The Austrian team were engulfed by controversy when Italian police raided their headquarters on suspicion of doping offences, prompting several members of their team to flee the Games. All tests on their remaining athletes proved negative, and Austrian skiers overcame the disturbance to win 14 of the available 30 medals in their sport.
South Korea dominated short-track speed skating, gaining 10 of a possible 24 medals. In the women’s events, Sun-Yu Jin earned three gold medals, and for the men, Hyun-Soo Ahn won three golds and one bronze. Other multiple champions in Torino included Canadian Cindy Klassen, who earned medals in five of the six women’s speed skating events.

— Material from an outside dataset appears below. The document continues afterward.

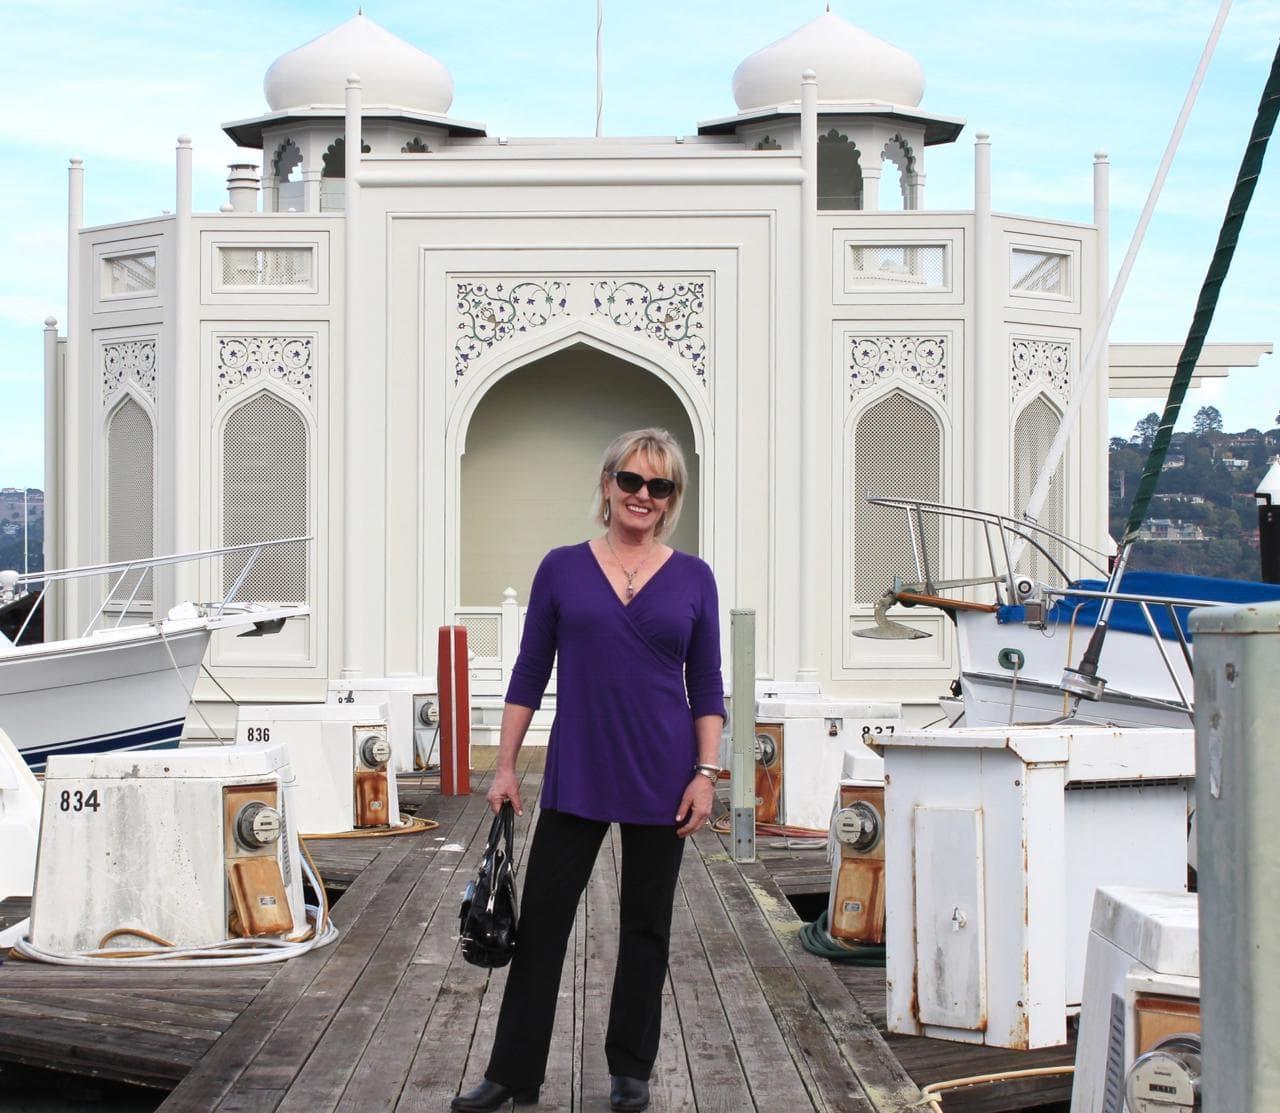 The Taj Mahal Houseboat

There was plenty of evidence that the Olympic spirit was alive and well in Italy. Perhaps the greatest example of this was during the cross-country skiing team sprint, when Sara Renner of Canada broke one of her poles. Norwegian head coach Bjørnar Håkensmoen, seeing her struggle, handed her one of his which allowed Renner to help her team finish second, and simulateously relegated the generous coach’s team out of the medal positions.
Team GB
Skeleton bobsleigh competitor Shelley Rudman claimed a surprise silver medal for Team GB. The 24 year-old from Wiltshire had only taken up the event after watching Alex Coomber speed to a bronze medal at the 2002 Games, and her trip to Italy four years later initially looked under threat as she struggled to fund a new sled. However, residents of her home town of Pewsey rallied around her to raise the necessary £4000, and in doing so helped create one of Britain’s most unexpected Winter Olympic success stories.

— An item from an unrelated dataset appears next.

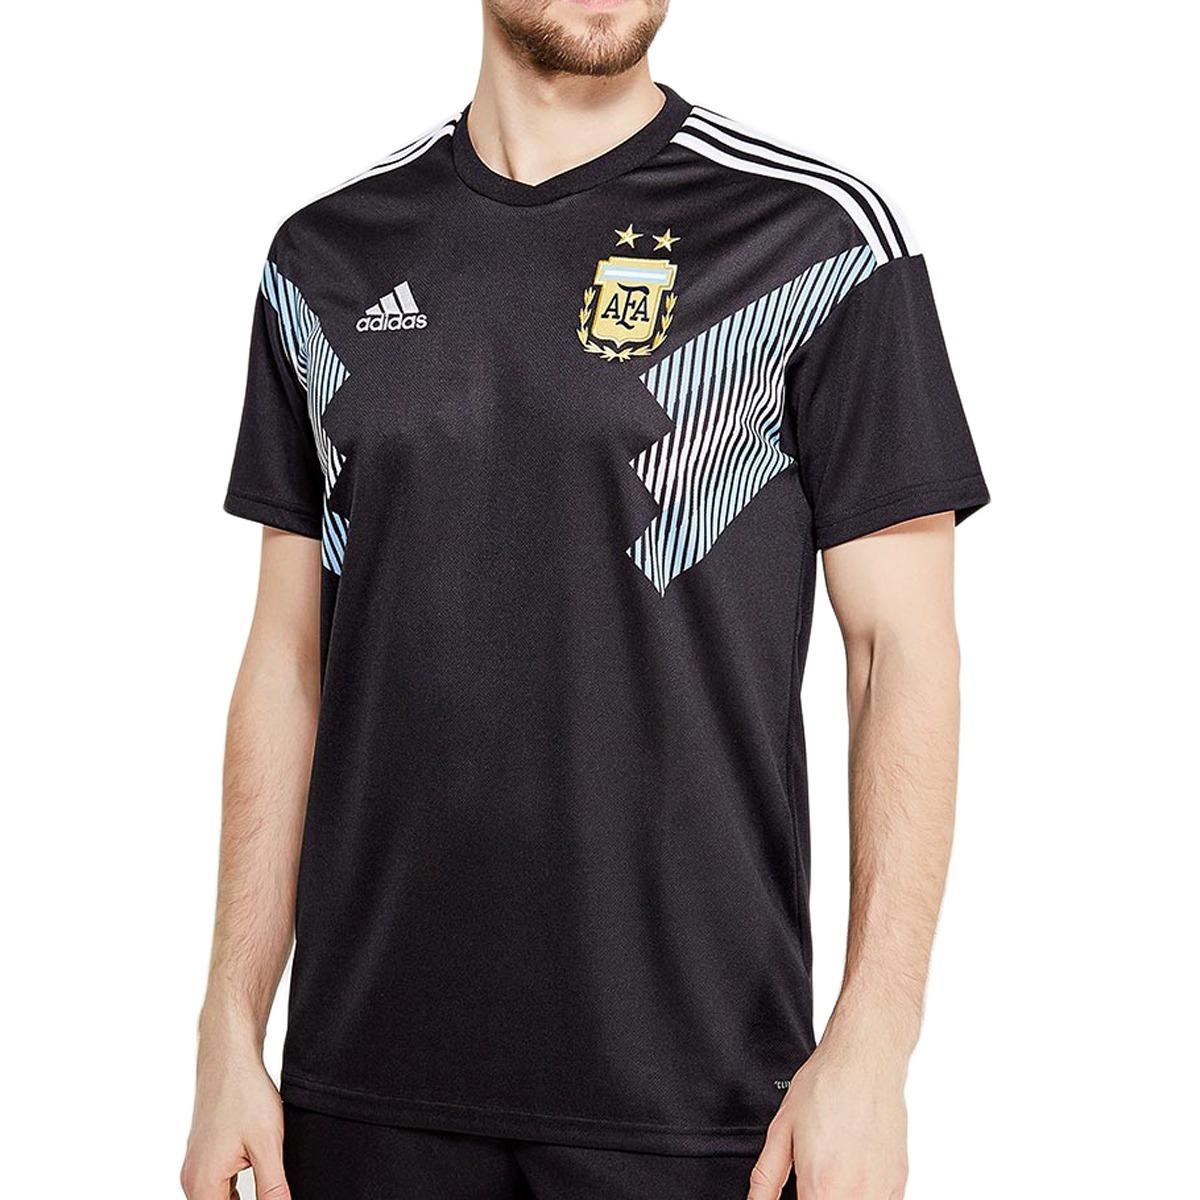 camiseta de futbol adidas futbol afa away hombre ng ce. Cargando zoom. 85685f6974d83

Initially aiming for a top ten finish, Rudman alerted the rest of the field by setting the fastest time in practice, and was virtually transformed from relative unknown to genuine medal hope on the spot. Her first heat left her in fourth place and very much in with a hope, but her second was even better, placing her just three tenths of a second the behind eventual winner, Maya Pedersen of Switzerland. Originally intended as a stepping stone towards the Vancouver Games in 2010, the Torino Olympics made an immediate star of Shelley Rudman.